# Leidiges Thema: Einbauposition Radiator in Corsair Obsidian 500D



## TheMystery (21. September 2018)

Hallo zusammen,

aktuell bastel ich mir einen neuen Rechner zusammen...

Eine Frage dazu: Wo verbaue ich am besten den Radiator der Corsair H115i PRO RGB? In der Front (warme Luft ins Gehäuse) oder im Deckel (warme Luft aus dem Gehäuse)?

Gehäuse: Corsair Osidian 500D
CPU: Geköpfter i7 8700k (Overclocking)
Mainboard Gigabyte Aorus 7
Grafikkarte: AORUS GeForce GTX 1080 Ti Xtreme oder RTX 2080

Vielen lieben Dank für eure Tipps...

Uwe


----------



## Nordwind2000 (21. September 2018)

Wenn die Möglichkeit besteht den Radiator in der Front zu verbauen, dann mach das auch.

Der Rest der Lüfter sollte es definitiv schaffen die erwärmte Luft abzuführen, ohne das sich andere Komponenten großartig erwärmen.
Im Deckel ziehst du zusätzlich die warme Luft  der Grafikkarte mit durch, was meistens zu schlechteren Temperaturen der CPU führt.


----------



## TheMystery (21. September 2018)

@ Nordwind2000 :

Danke für deine Antwort...

Aber bremst die Abwärme des Radiators dann im Umkehrschluss nicht die Grafikkarte aus?

Was bedeutet die höhere Gehäuse-Temperatur für die Bauteile des Mainboards?

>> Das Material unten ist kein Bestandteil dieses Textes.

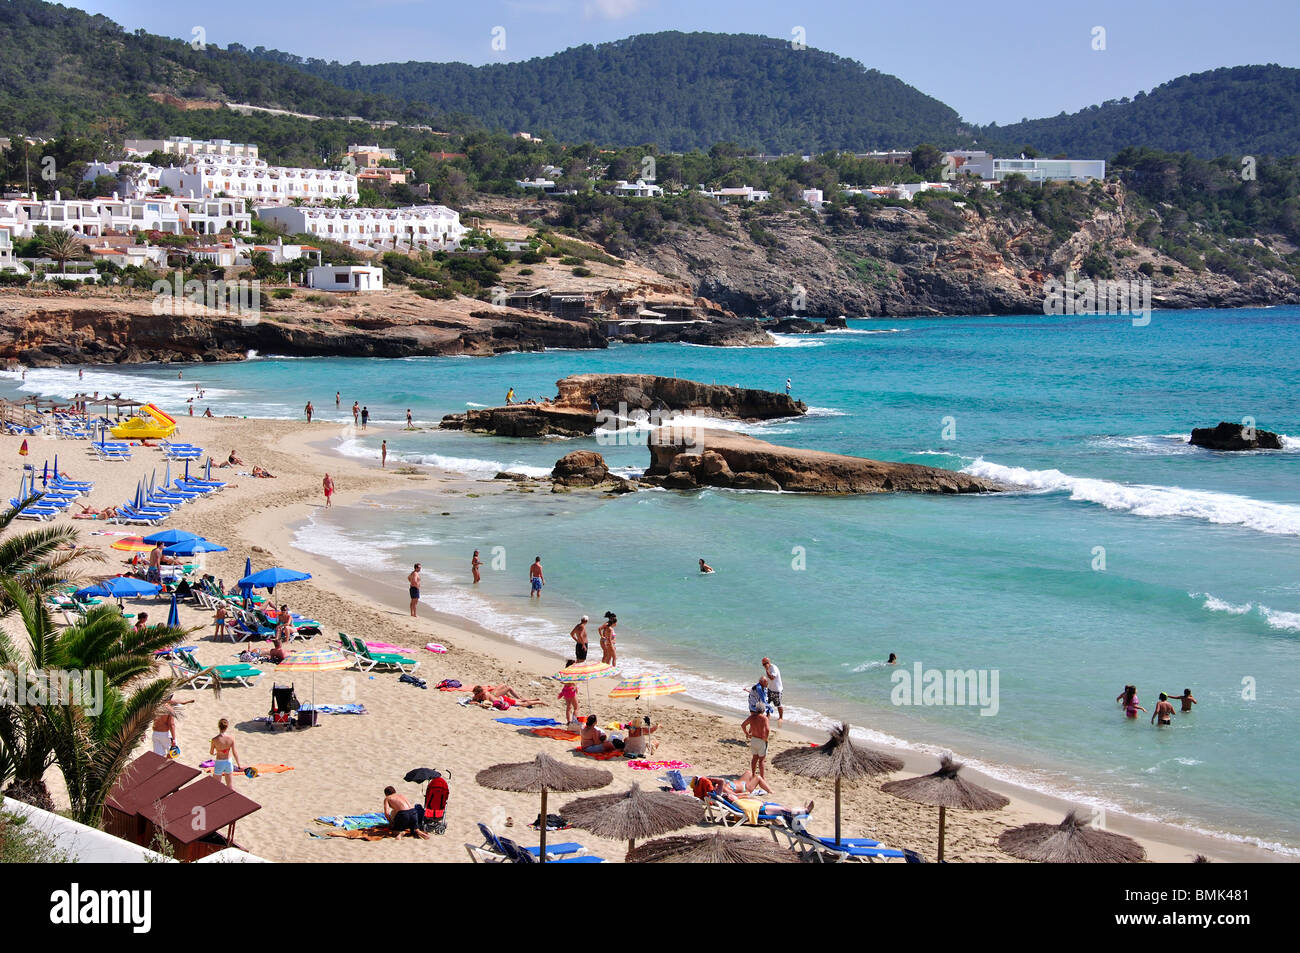 Beach view, Cala Tarida, Ibiza, Balearic Islands, Spain

Wenn ich das Ganze richtig verstehe kann ich entweder die Temperaturen der CPU oder die der GPU günstig beeinflussen. Das bedeutet dann doch einen faulen Kompromiss.

Bin verwirrt...

Herzliche Grüße

Uwe


----------



## Darkspell64 (22. September 2018)

Ein Kompromiss wird das immer sein, die Luft muss ja in irgendeiner Form die Wärme der Grafikkarte und der CPU aufnehmen.
Ich würde es an deiner stelle einfach mal testen, wie sich die Temperaturen verhalten. So ein großer Aufwand ist der Umbau ja dann auch nicht.
Je nach Lüfterkonfig kann es auch fast keinen Unterschied machen.


----------